Andrew Weev Auernheimer
(Andrew 'Weev' Auernheimer was convicted of stealing 114,000 email addresses associated with iPad user on At&T's network. (Credit: Wikimedia Commons)

Last November 27-year-old Auernheimer was convicted of identify fraud and conspiracy to access a computer with authorisation after accessing a server belonging to US mobile phone network AT&T, and collect the email addresses of 114,000 customers.

Among the list of email address leaked were those belonging to film mogul Harvey Weinstein, New York mayor Michael Bloomberg, White House Chief of Staff Rahm Emanuel and TV presenter Diane Sawyer.

Auernheimer was able to access the information because AT&T had left the addresses unencrypted on the internet and available for anyone with a web browser to access them.

Each charge carried with it a potential prison terms of five years. At the sentencing in New Jersey on Monday, the Judge sentenced Aurenheimer to 41 months in jail followed by three years of supervised release.

In court federal prosecutors listed among the reasons for a harsher sentence a Reddit AMA (ask me anything) which Aurenheimer took part in on Sunday night, ahead of sentencing. In it, Aurenheimer said:

"My regret is being nice enough to give AT&T a chance to patch before dropping the dataset to Gawker. I won't nearly be as nice next time."

Troll

Auernheimer is a self-described troll and "grey-hat hacker" and having obtained the information, he decided to share the information with the Gawker website rather than the authorities. Auernheimer explaining his reasoning behind this decision in a recent article for TechCrunch:

"I did this because I despised people I think are unjustly wealthy and wanted to embarass them. I thought this is the United States of America where we have the right to do basic arithmetic and query public webservers."

In the same article Auernheimer went on to compare his situation to that facing Reddit co-founder Aaron Swartz before his suicide earlier this year.

"Ivy league educated and wealthy, Aaron dealt with his indictment so badly because he thought he was part of a special class of people that this didn't happen to. I am from a rundown shack in Arkansas. I spent many years thinking people from families like his got better treatment than me. Now I realize the truth: The beast is so monstrous it will devour us all. None will be spared."

Some believe the conviction of Auernheimer lays down a potentially worrying precedent for cyber-security professionals. In an opinion piece for Wired last year security Researcher Matt Blaze sums up his feels on the situation:

"Because computer science has yet to discover a systematic way to find and fix all the vulnerabilities in real-world systems before they get deployed, independent security researchers who discover and report weaknesses have become an essential part of the security ecosystem. "

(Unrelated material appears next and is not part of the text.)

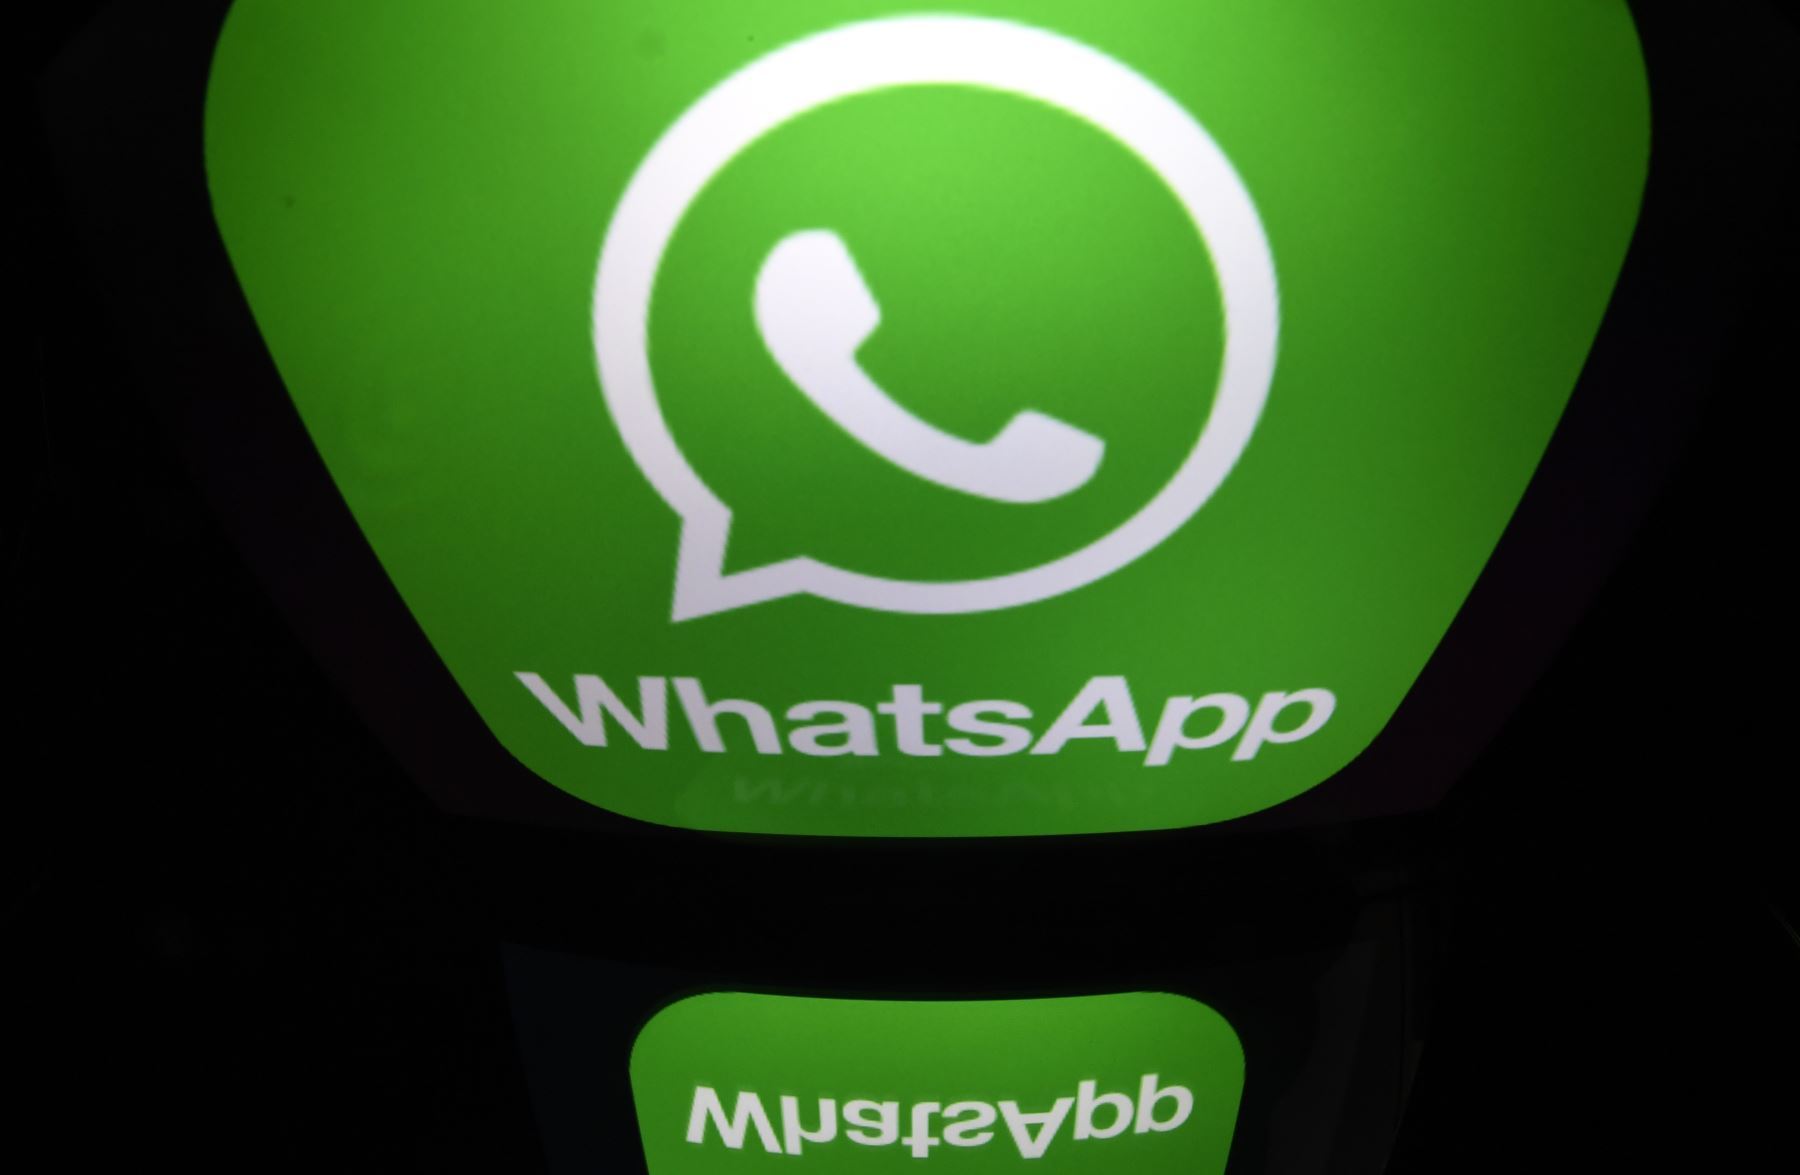 La aplicación de mensajería WhatsApp, perteneciente a Meta, ha sumado nuevas herramientas para editar los estados de WhatsApp de forma similar a Instagram. Foto: AFP

Blaze continues: "Continually poking at systems to seek out hidden flaws is the only hope we have of staying ahead of the bad guys, and the software industry has largely come to recognize that the motley assortment of academics, consultants, and hackers who look for security holes are a community to be cultivated and encouraged - even if the proof of vulnerability they bring may sometimes be painful and embarrassing."